Question about the depth loss if using inverse depth sampling

YZsZY commented 1 year ago

Hello Author! I recently tried to add depth supervision to mipnerf360 and then wanted to ask a question.

Because I noticed that you didn't use inverse depth sampling, but I actually feel that inverse depth sampling can help to sample more samples in the near, especially if the sampling range NEAR and FAR is not known, inverse depth sampling is more helpful.

So I would like to ask, if I want to use inverse depth sampling instead of linear sampling, when calculating the depth loss, do I need to convert the depth to inverse depth space as well to calculate the loss of the distribution (the range of Gaussian distribution becomes 0 to 1 as I noticed that mipnerf 360 converts all distance-related losses to the inverse depth space to calculate)

Looking forward to your reply! I've recently been trying to change your code to the pytorch version and would appreciate your guidance!

FelTris commented 1 year ago

Hi!

Yes, using inverse sampling in these unbounded setting is a good idea, in my case it didn't really work though. I guess I had a mistake somewhere, probably in converting the camera positions to normalised space. Just in case you haven't seen it, the official code release for MipNeRF360 probably has the inverse sampling and correct procedure for converting the camera to this normalised space.

If you want to supervise the depth with this inverse depth space you have to either convert the predicted depth to true depth again or convert your ground truth depth to inverse depth. For the distribution/near-surface loss to function more intuitively I would suggest the first case, so converting the predicted inverse depth back to the true/linear depth and then applying the depth losses in that scale. In the inverse scale the distribution of the Gaussian that is being put around the depth measurement could be a bit tricky since the distribution of samples is logarithmic between 0 and 1.

Also, the near-surface loss might not work that well when using inverse depth sampling, since samples for far away points might be distributed very far apart. Say your ground truth depth is at 60, but your nearest samples are at 55 and 70, then these samples are not included in the near-surface loss. It would be interesting to see if it works though!

So to summarise, yes you should convert the predicted inverse depth to linear depth if you want to use the near-surface/gaussian losses. Let me know if you have any other questions!

YZsZY commented 1 year ago

Thank you for your reply! In fact, the inverse depth will only be used when sampling, in the actual the network input is its corresponding Euclidean space coordinates (network input is tdist instead of sdist), so the final rendered depth is also at the Euclidean space scale, but the inverse depth has a very serious problem, like you mentioned, inverse depth sampling is unlikely to pick the exact point, I tried I tried to change 1/x to log(x) thus obtaining a relatively uniform sampling. (The red one is log sample, the blue one is inverse sample(1/x))

Then, besides the sampling problem, I actually have another question!
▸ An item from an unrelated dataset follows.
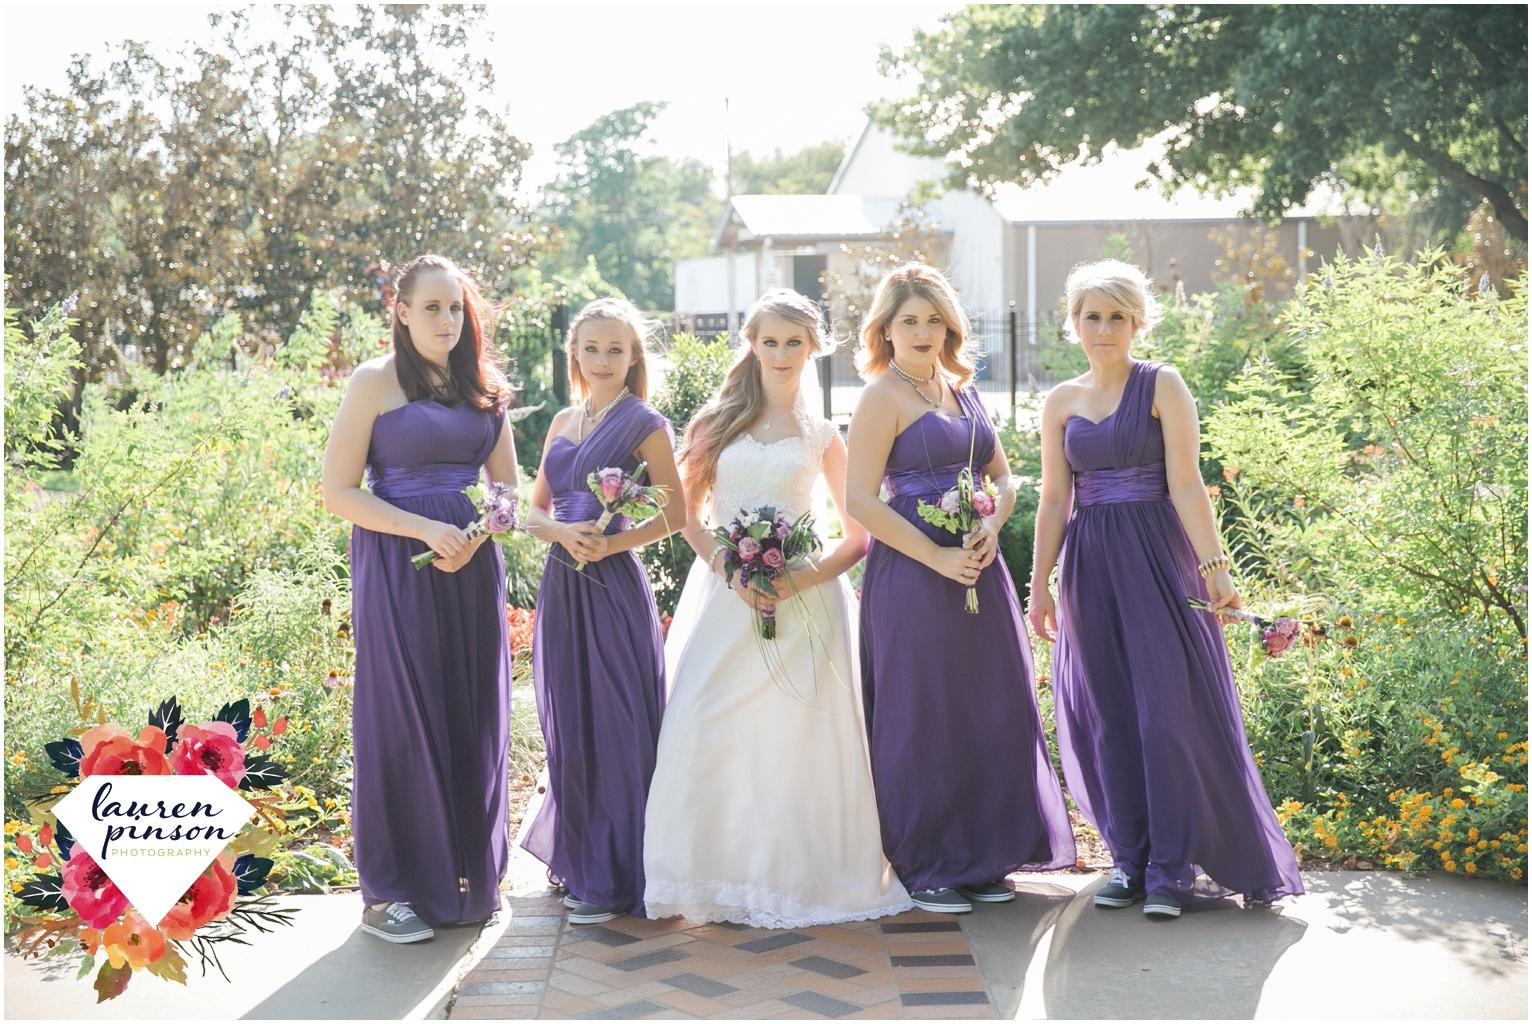 wichita-falls-wedding-photography-at-fain-presbyterian-church-and-the-wellington-timeless-classic-modern-photographer_1234.jpg
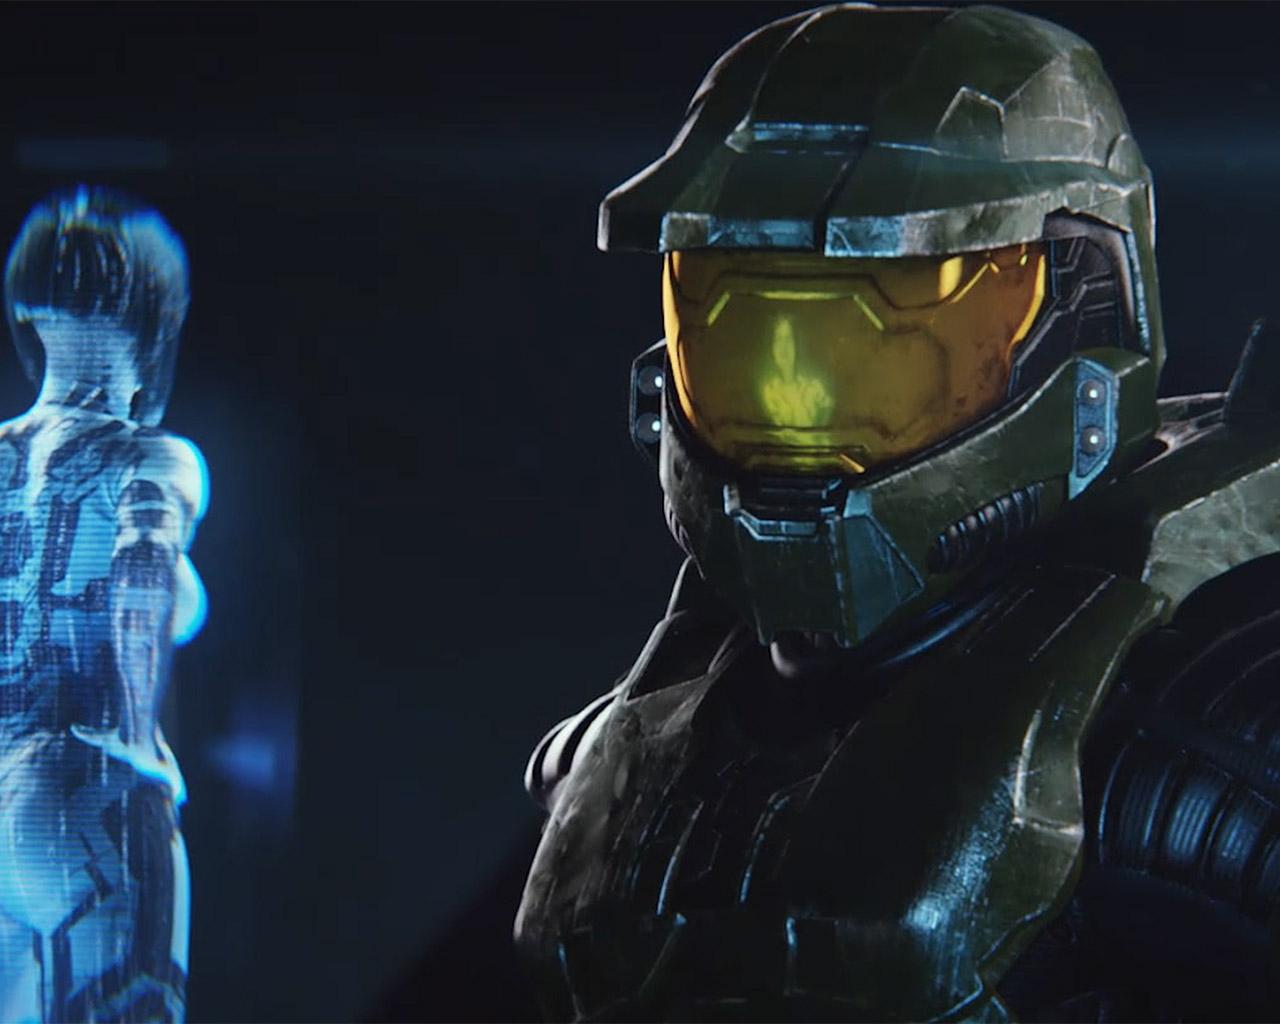 Halo 2 Wallpaper in 1280x1024

Because I noticed that when using depth to supervise, the method used is to do in segments of mse loss with a standard ideal normal distribution: y=(1/ sqrt(2 * pi * sigma^2) * exp(-(tdist - depth_GT)^2)/ (2 * sigma^2)) and the weight distribution learned by nerf, here I would like to ask a question.

Because the ideal normal distribution actually satisfies the integral sum of 1, that is, ∑y*delta=1, and then the weight is directly summed instead of the integral sum equal to 1, so the scale of the weight and the ideal normal distribution may not be the same, I personally feel that it needs to make the sum of the ideal normal distribution equal to 1. The code should be this: y/=y.sum()，so that the two distributions can be consistent in scale.(As the weight sum is 1 -> weights.sum(dim=-1) = 1 ), otherwise, if you visualize it directly, you will find that the two distributions are very different in scale: 65d6762bd371993c4042da71566a005 The above is the ideal distribution, and the below is the weights, you can see their scale are very different, I noticed that you divided the ideal distribution by its maximum value, but I don't feel that this solves the problem, so here's a more reasonable approach!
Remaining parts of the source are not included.